DATA PROVIDED
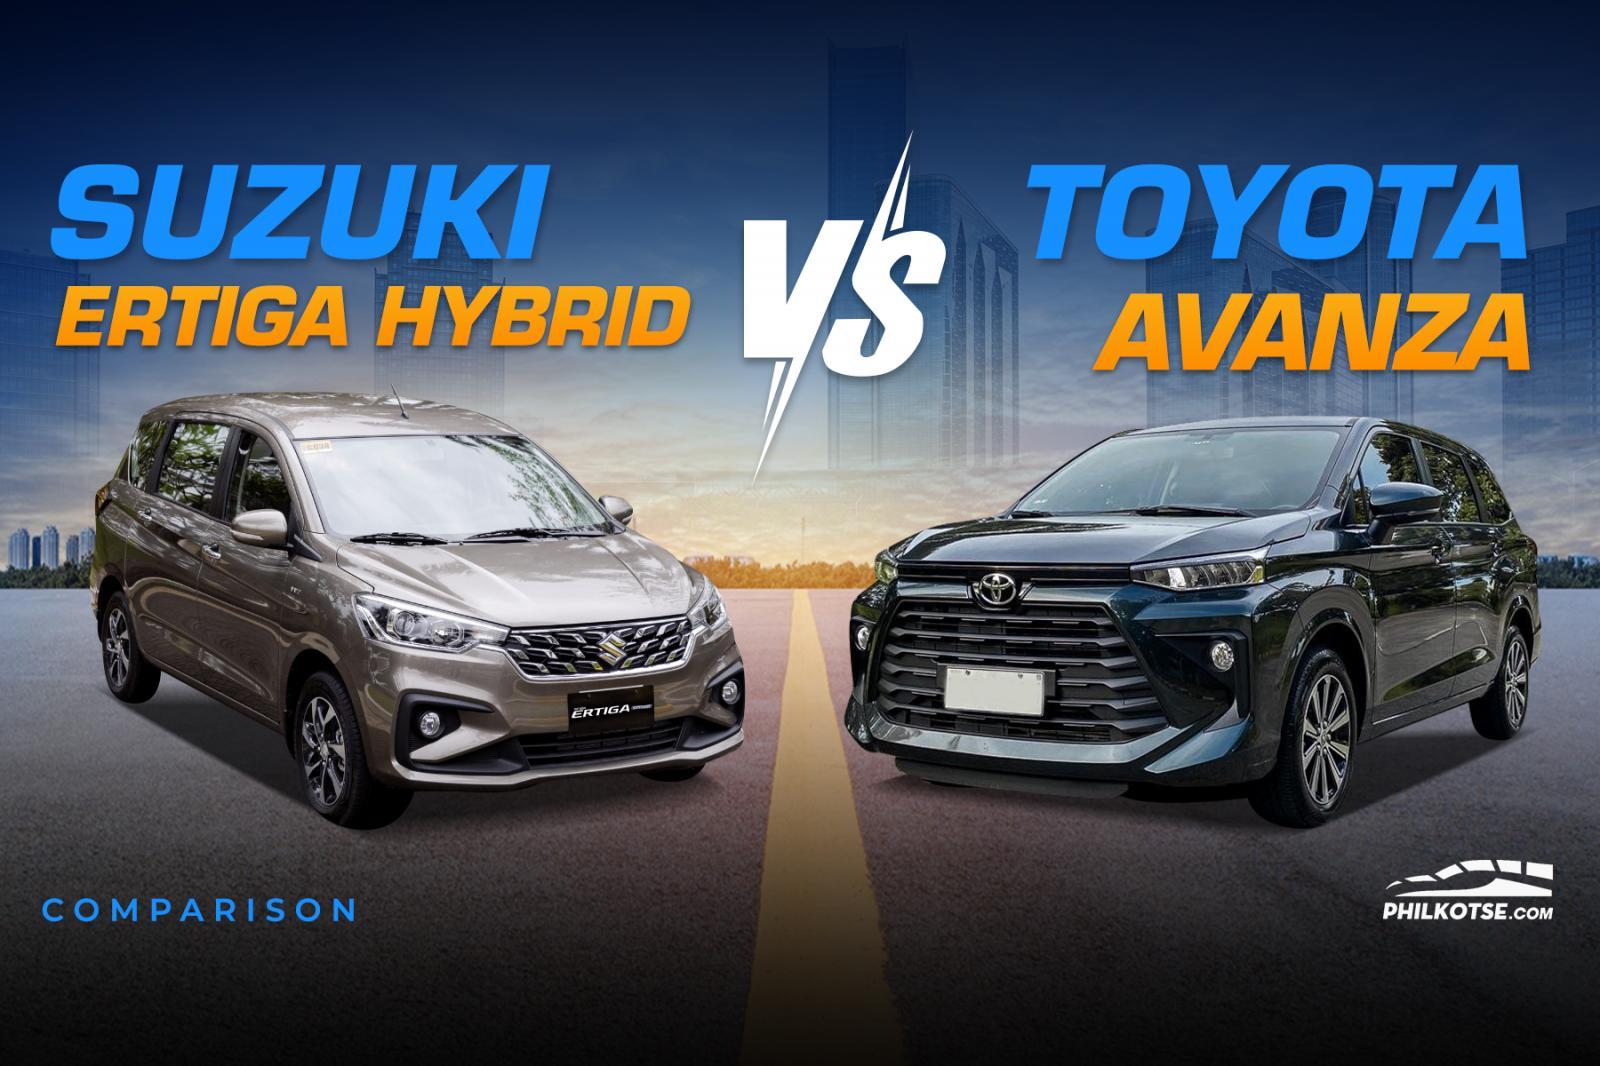 A picture of the Suzuki Ertiga Hybrid and Toyota Avanza head-to-head.
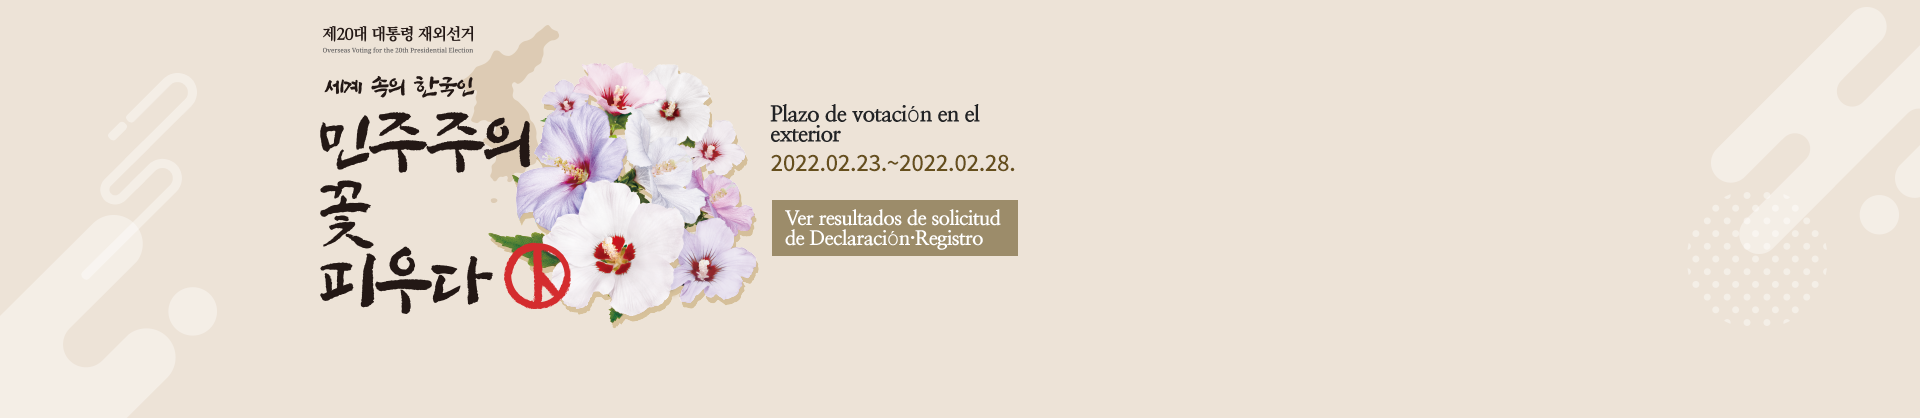 Ver resultados de solicitud de Declaración·Registro
Plazo de votación en el exterior
2022.02.23. ~ 2022.02.28.

WORK TO COMPLETE
Nothing but the listing, copied exactly and stripped of its images, should appear in the response.

TASK ANSWER
 A picture of the Suzuki Ertiga Hybrid and Toyota Avanza head-to-head.
 Ver resultados de solicitud de Declaración·Registro
Plazo de votación en el exterior
2022.02.23. ~ 2022.02.28.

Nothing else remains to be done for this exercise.